|  | 2025–26 Weber State Wildcats men's basketball team |
- University: Weber State University
- First season: 1962
- Head coach: Kaleb Canales (1st season)
- Location: Ogden, Utah
- Arena: Dee Events Center (capacity: 11,592)
- Conference: Big Sky
- Nickname: Wildcats
- Colors: Purple and white
- All-time record: 1,139–696 (.621)

NCAA Division I tournament Sweet Sixteen
- 1969, 1972

NCAA Division I tournament appearances
- 1968, 1969, 1970, 1971, 1972, 1973, 1978, 1979, 1980, 1983, 1995, 1999, 2003, 2007, 2014, 2016

Conference tournament champions
- 1978, 1979, 1980, 1983, 1995, 1999, 2003, 2007, 2014, 2016

Conference regular-season champions
- 1965, 1966, 1968, 1969, 1970, 1971, 1972, 1973, 1976, 1979, 1980, 1983, 1984, 1994, 1995, 1999, 2003, 2007, 2009, 2010, 2014, 2016

Uniforms
| Home | Away | Alternate |

= Weber State Wildcats men's basketball =

Basketball team representing Weber State University

The Weber State Wildcats men's basketball team is the basketball team representing Weber State University in Ogden, Utah. The program is classified in the NCAA Division I and is a member of the Big Sky Conference. The team last played in the NCAA Division I men's basketball tournament in 2016. The Wildcats are currently coached by Kaleb Canales.
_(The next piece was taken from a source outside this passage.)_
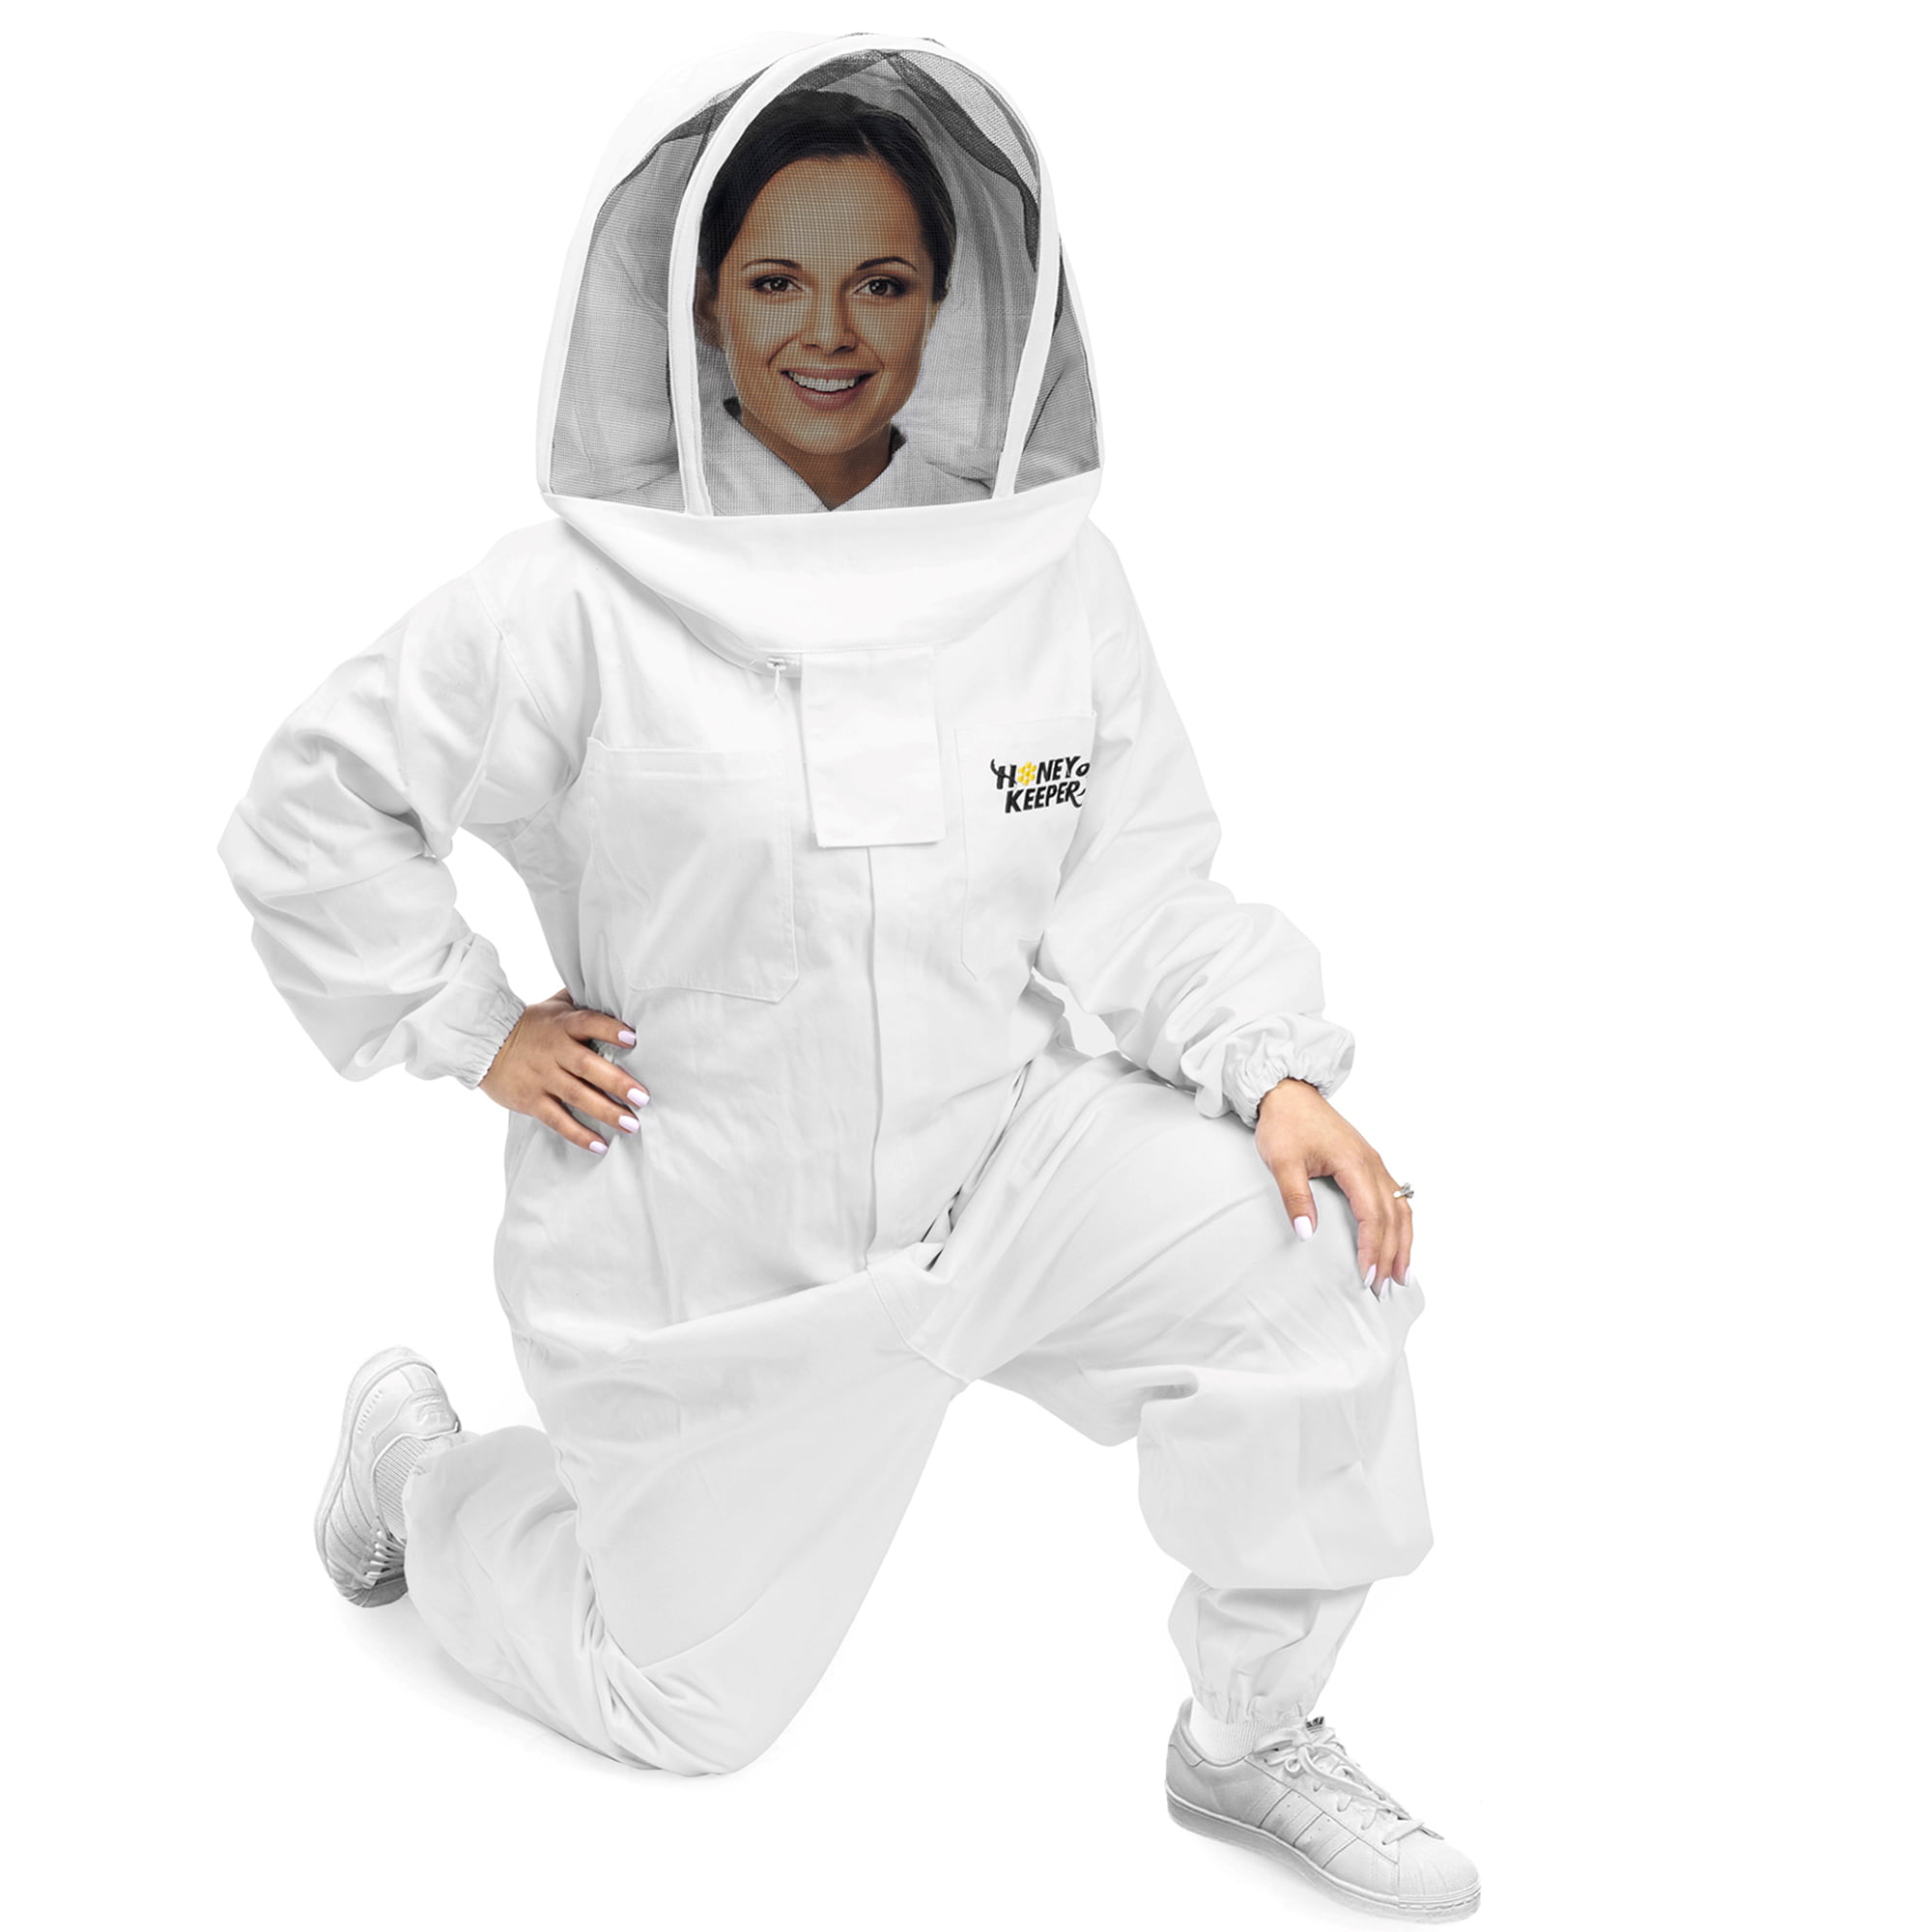 Professional Cotton Full Body Beekeeping Bee Keeping Suit With Veil Hood White #

Street & Smith ranked Weber State 51st in its 2005 list of the 100 greatest college basketball programs of all time, while Jeff Sagarin placed the program 116th in his 2009 all-time rankings in the ESPN College Basketball Encyclopedia.

With a winning percentage of .630, the Wildcats have the 29th highest winning percentage in Division I college basketball through the end of the 2022–23 season.

Weber State Wildcats basketball games are broadcast on KLO-FM The Wave 103.1 with commentary provided by "The Voice of the Wildcats" Carl Arky and David Patten.

Home games are available on ESPN+ with Tony Parks or Ethan Jordan providing play-by-play and former Wildcats head coach Joe Cravens providing color commentary.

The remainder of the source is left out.